_Task goal_
Pictures in the records below must be left out. Return exactly the lines from the line with "Debt Problem Poster" to the line with "Men Summer Fashion", both included.

_Dataset_
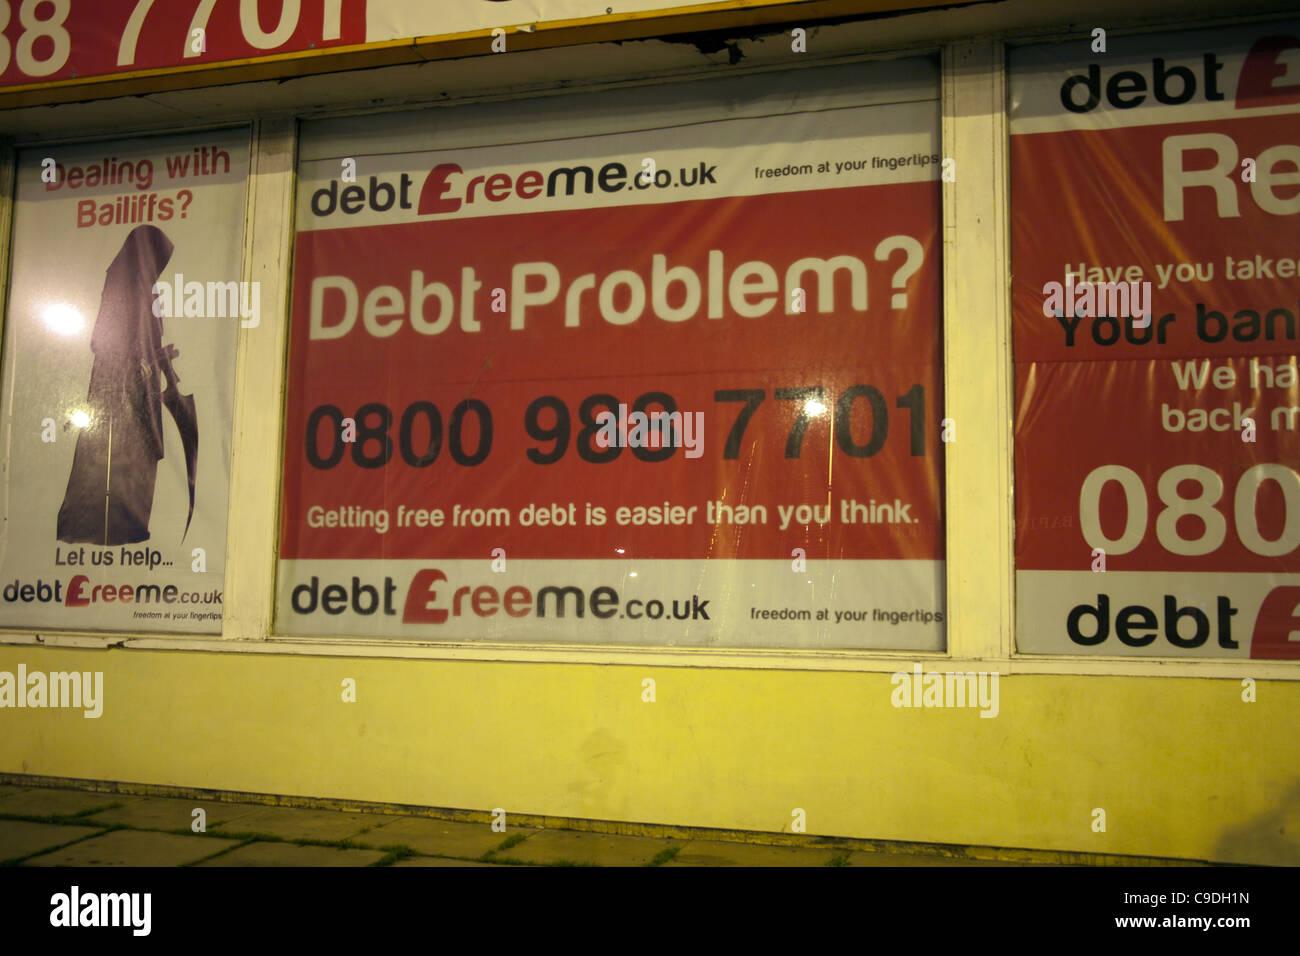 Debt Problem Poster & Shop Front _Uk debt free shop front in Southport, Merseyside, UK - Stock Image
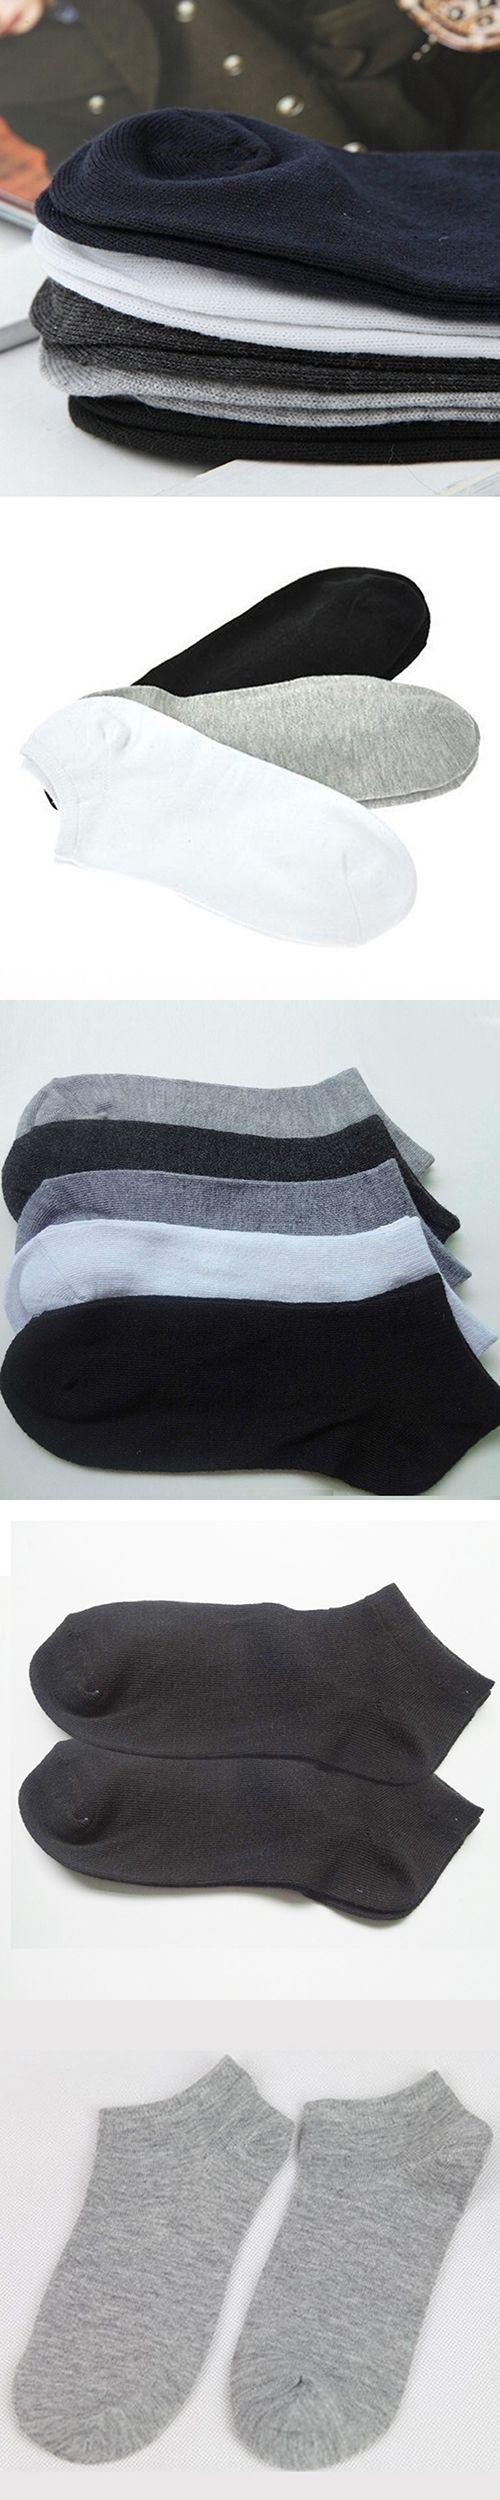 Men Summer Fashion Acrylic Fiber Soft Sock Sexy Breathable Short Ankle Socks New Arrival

* * *

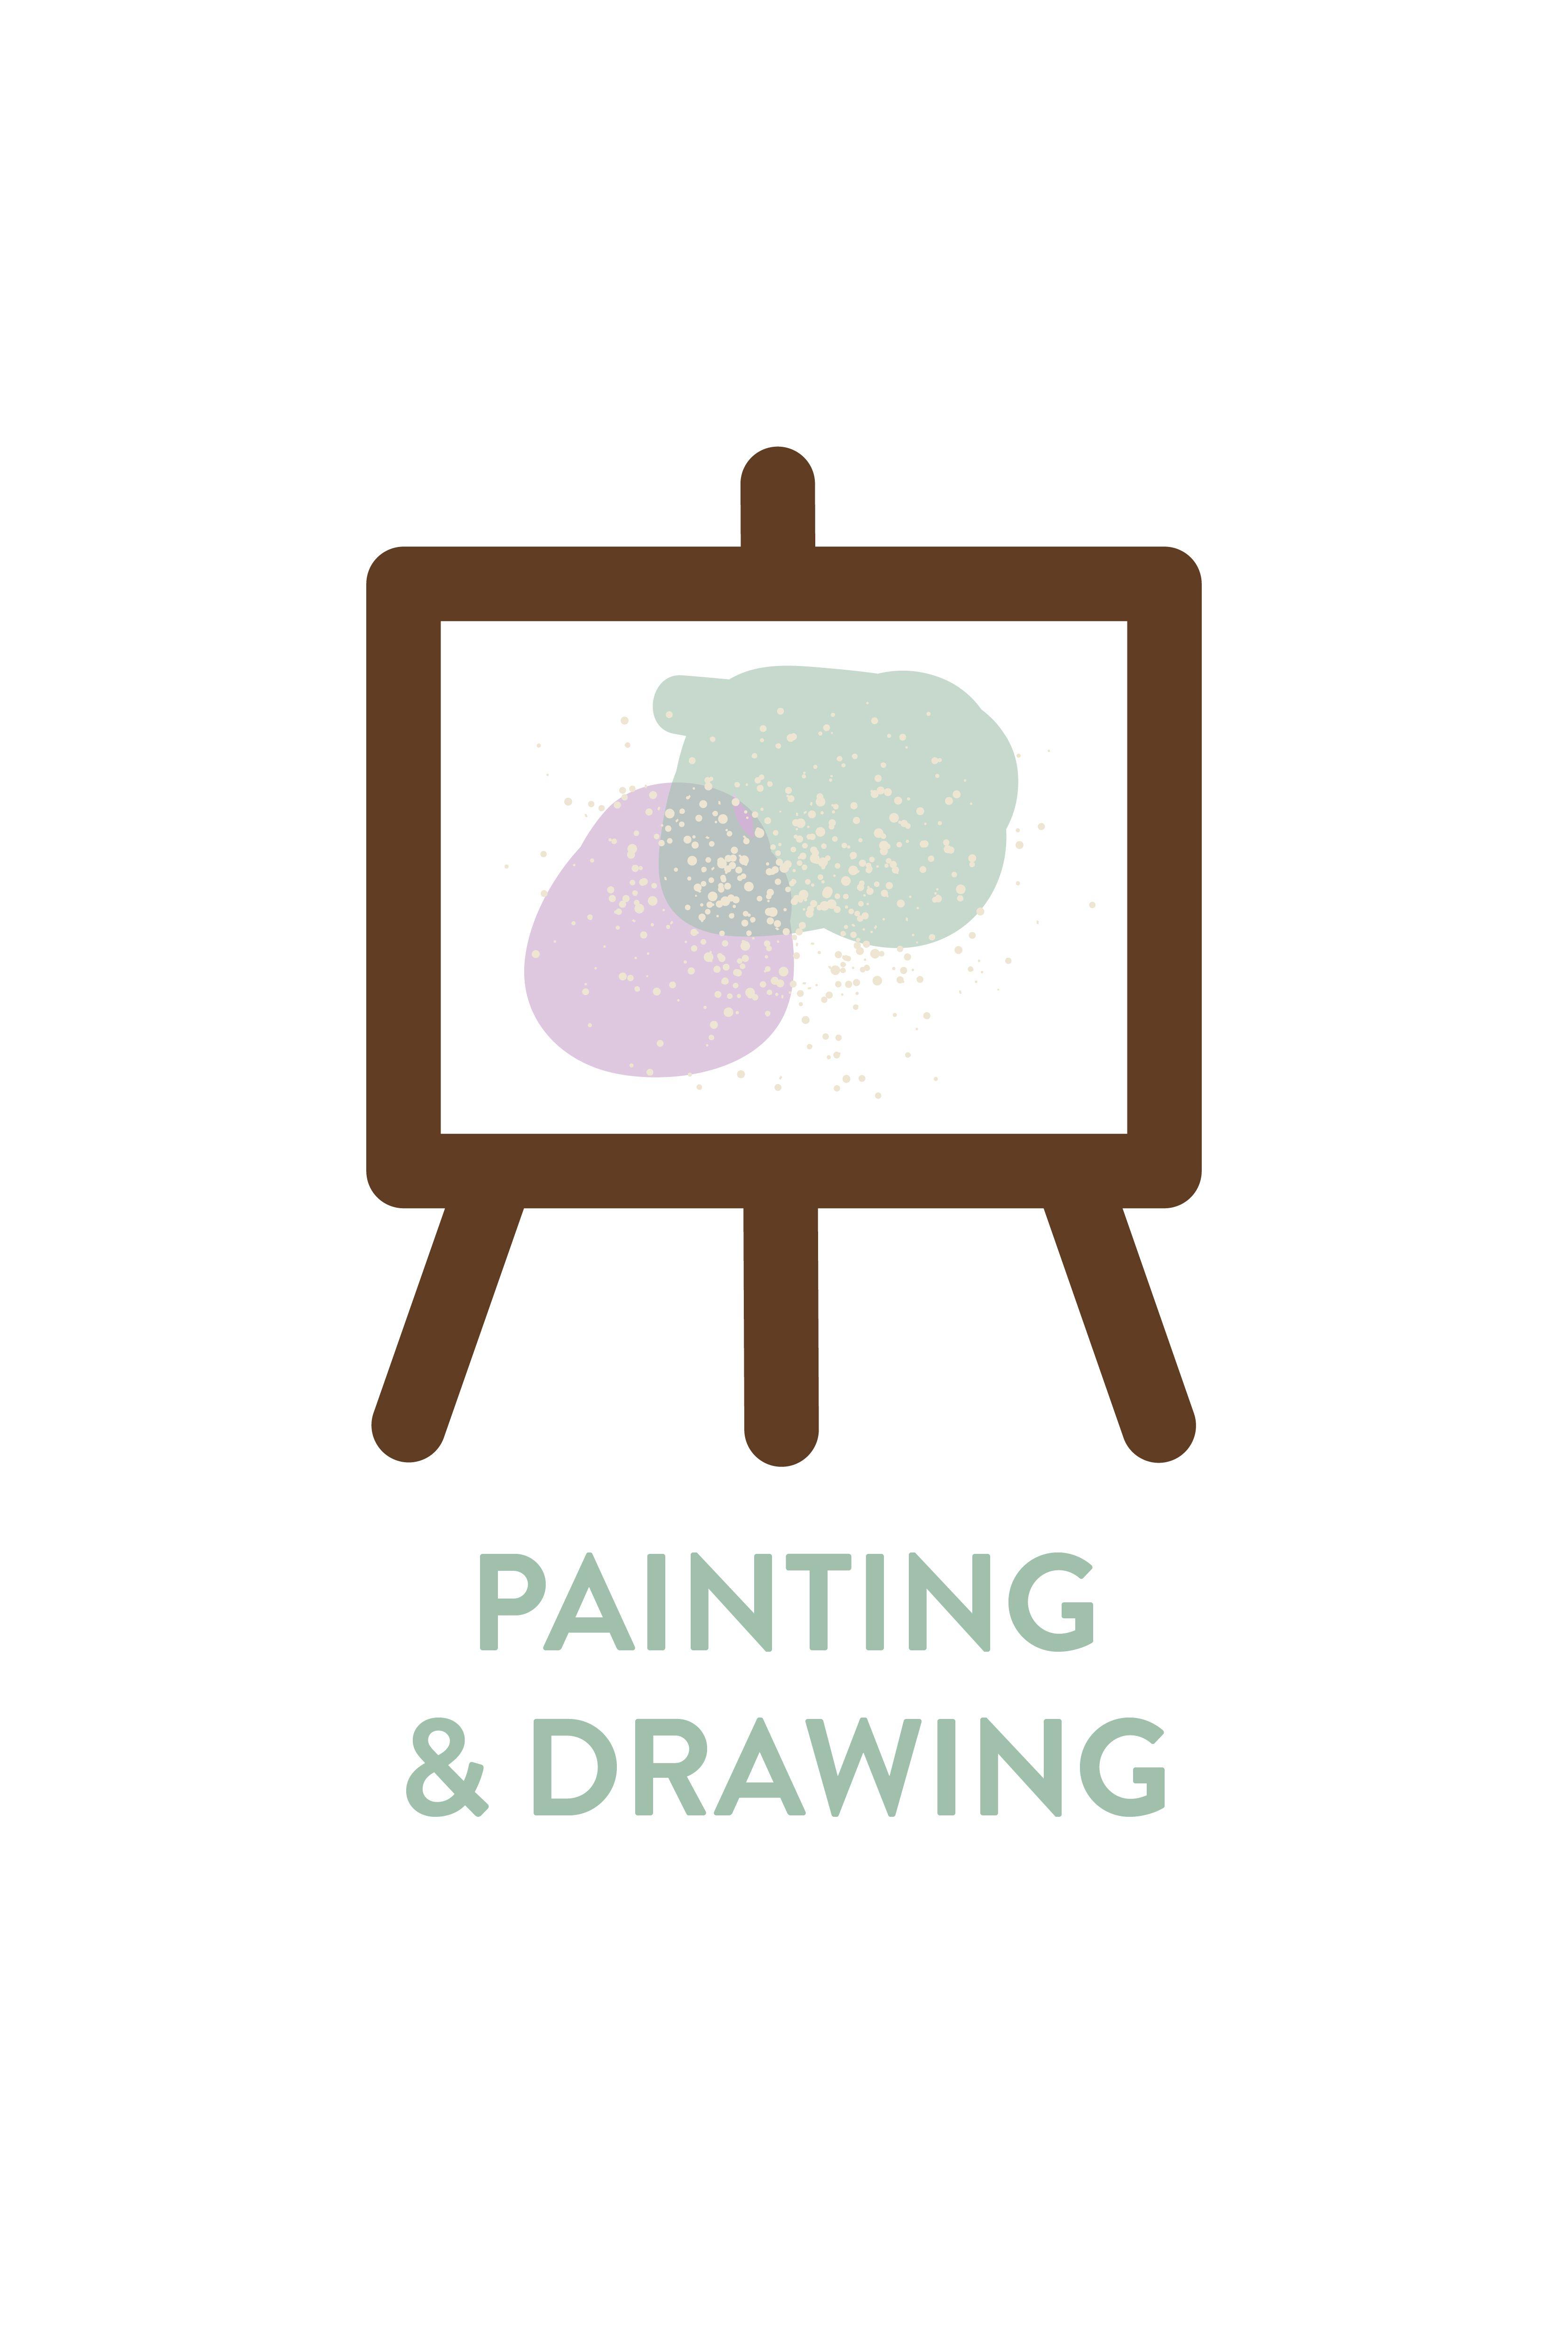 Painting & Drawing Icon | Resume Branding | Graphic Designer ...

_Expected output_
 Debt Problem Poster & Shop Front _Uk debt free shop front in Southport, Merseyside, UK - Stock Image
 Men Summer Fashion Acrylic Fiber Soft Sock Sexy Breathable Short Ankle Socks New Arrival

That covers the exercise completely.